9 dogs in my house - all get regular access to "people food" (not even sure what that means?? Yes they get whole, fresh foods!! with the odd pizza crust) and I would think there was something SERIOUSLY wrong with them if they skipped a meal (kibble or raw)!! It would just never happen LOL

Feeding whole fresh foods, or little tidbits here and there doesn't cause a dog to miss a meal. Illness, low food drive, overfeeding and a lot of times obsession from the handler is what causes dogs to "under eat".


----------



## Curtis (Jun 9, 2013)

I feed my dogs my food. Sometimes after I'm finished and sometimes we all take turns having a bite during the meal. They are not pushy.


----------



## KayDub (May 4, 2014)

The poll didn't fit the answer I wanted to give. My dogs can eat what I eat to a certain extent and within reasoning. I don't mind to throw them a bit while I'm still eating my food. I do mind the begging, it's a politeness thing to me. My aussie plays it great she may sit a couple feet away but if I turn my head to her while eating she slowly turns her head away from me. She thinks if she doesn't stare then that's having good manners. I can work with that one. My GSD has an awful habit that I am working on big time to redirect. If I don't notice her come in the room for some reason then I can turn around and she'll be mouth to mouth literally with me. This is a big no no, I'm not sure if it comes from her being a bottle baby. It is one of our main issues we are working on though.


----------



## WateryTart (Sep 25, 2013)

I sometimes share, but only appropriate stuff (meat without sauce, a small piece of cheese, or carrots, for example), only after I'm totally done eating, and it is delivered in one of two ways.

I might put it in her bowl and do just like I do at meal time: Call her over, ask her to sit, place the bowl in front of her, and make her wait until I give a release.

Or I might call her over and make her work for it (e.g., sit, down, stand, end with "touch" to receive).


----------



## Augustine (Nov 22, 2014)

Yes, but only after I'm done eating, and only if it's something that is safe for her to eat. (i.e. fairly plain food, nothing intricate, drizzled in sauces, etc.)
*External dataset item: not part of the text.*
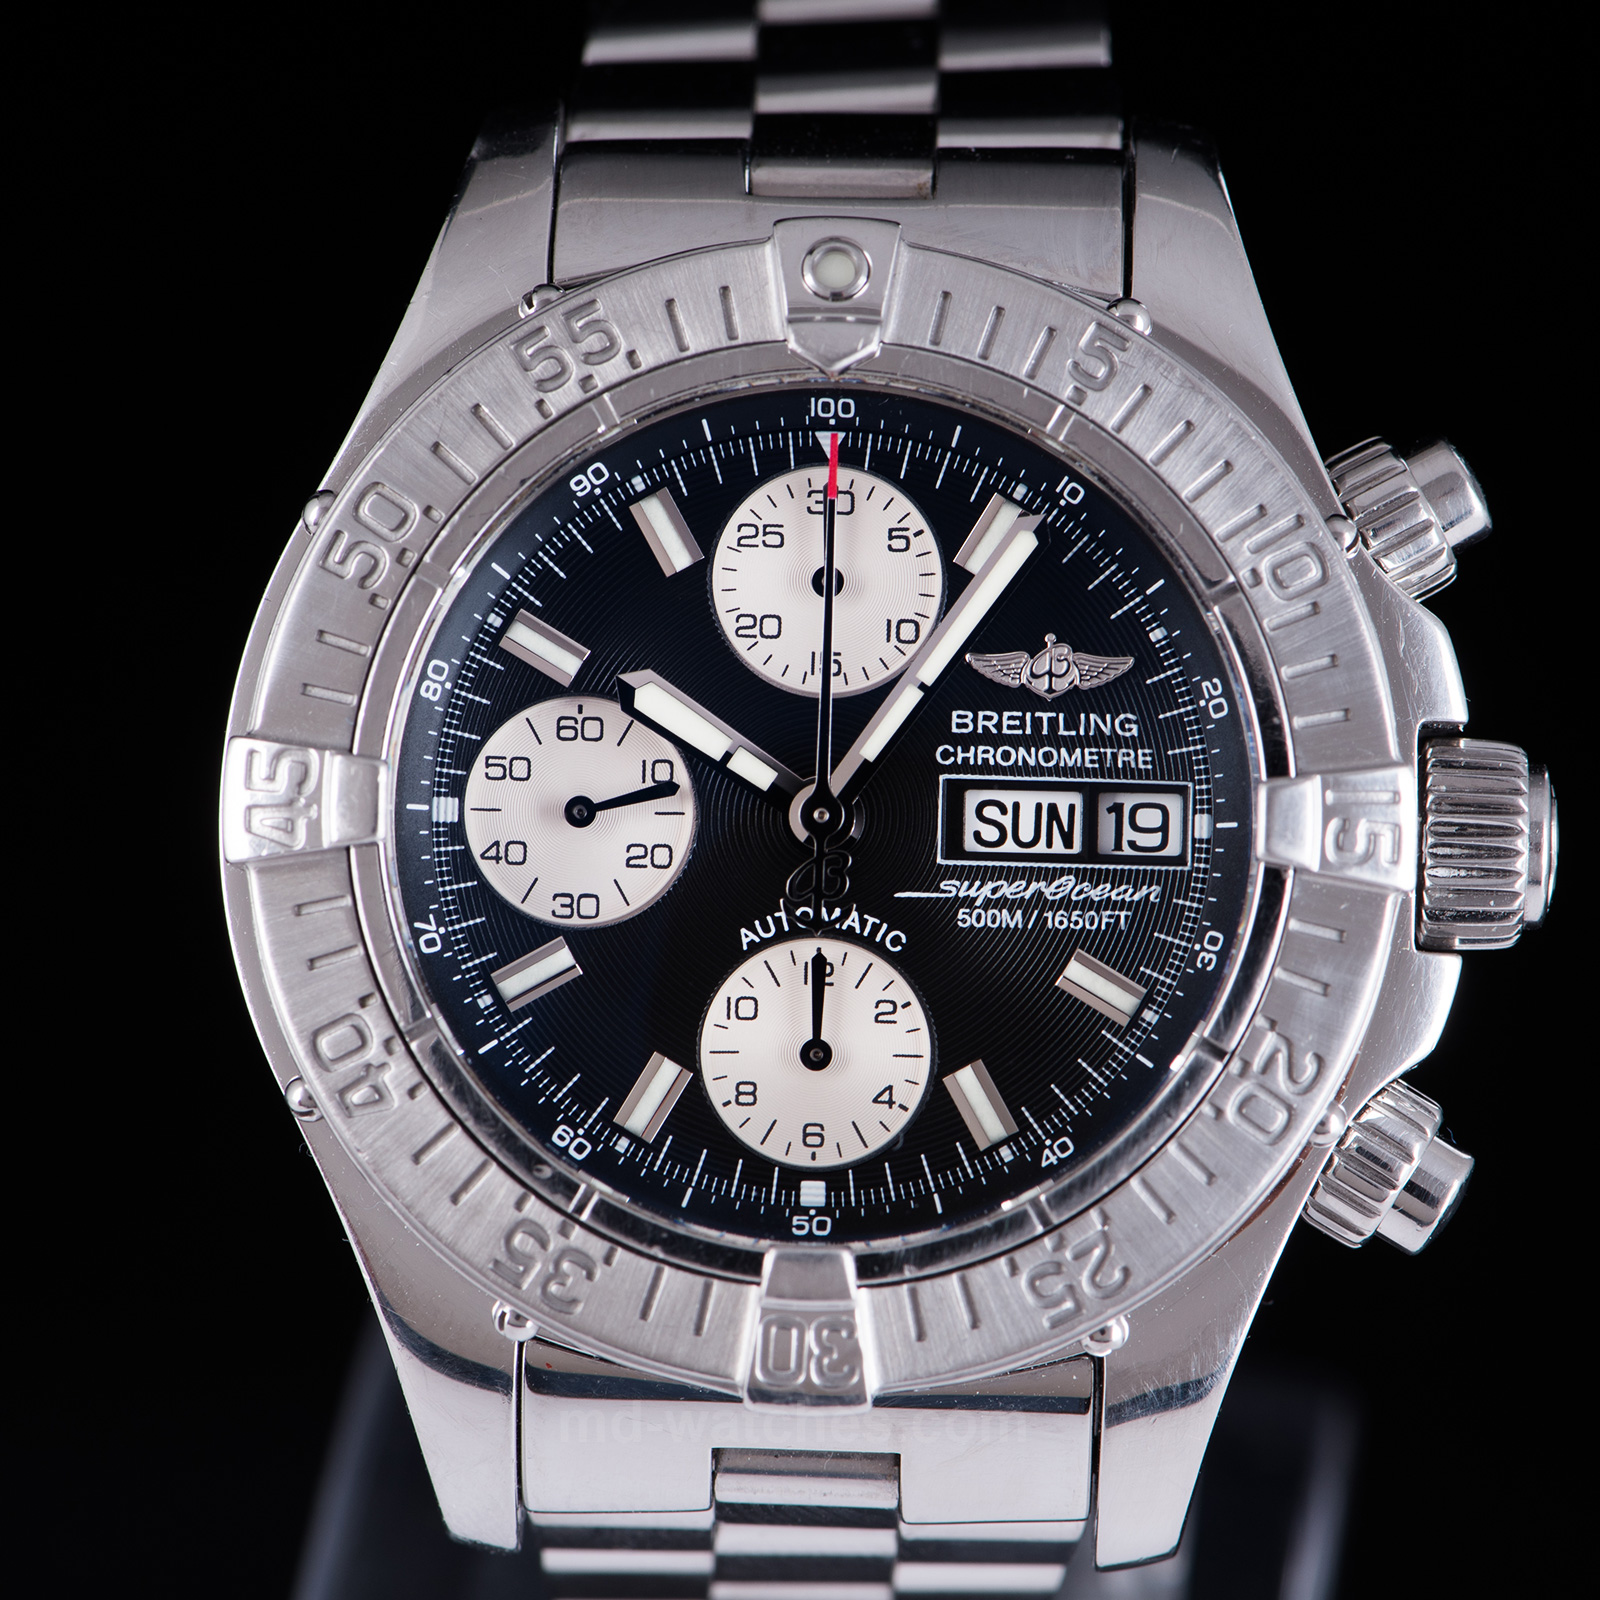 The 42 mm replica Breitling Superocean watches have black dials.
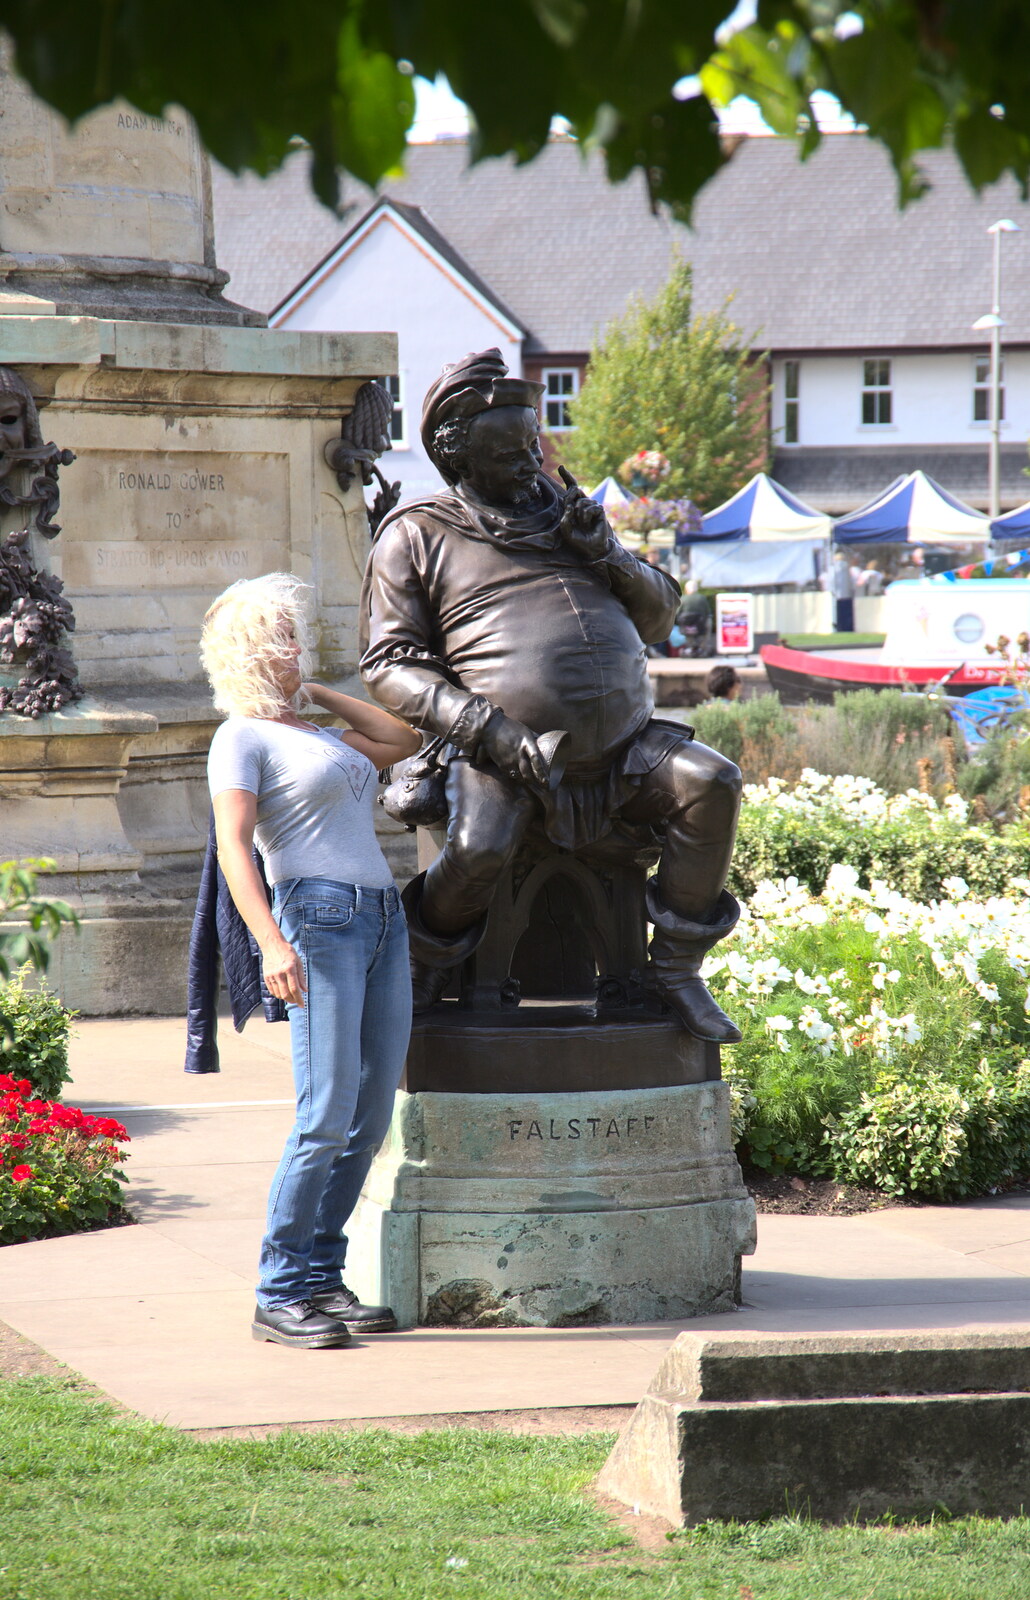 Somebody mimics the statue of Falstaff from A Postcard from Stratford-upon-Avon, Warwickshire - 9th September 2018

She's young so we're still working on establishing the pack order, but she's pretty good about being sent away when we eat and knows not to expect treats once we're finished with our meal.


----------



## DixieGSD (Aug 22, 2012)

Not while I am eating. Dixie know's when we eat she has to lay down with her head down. I don't like the staring, nor the drooling. She doesn't enter the kitchen, unless she "accidentally" rolls her ball in there. And I do give her some raw meat, eggs, or yogurt she can't have alot of people stuff due to sensitive stomach. My MIL thought I was the meanest dog owner ever because I did not give her my leftovers; and was surprised when we gave her raw meat lol.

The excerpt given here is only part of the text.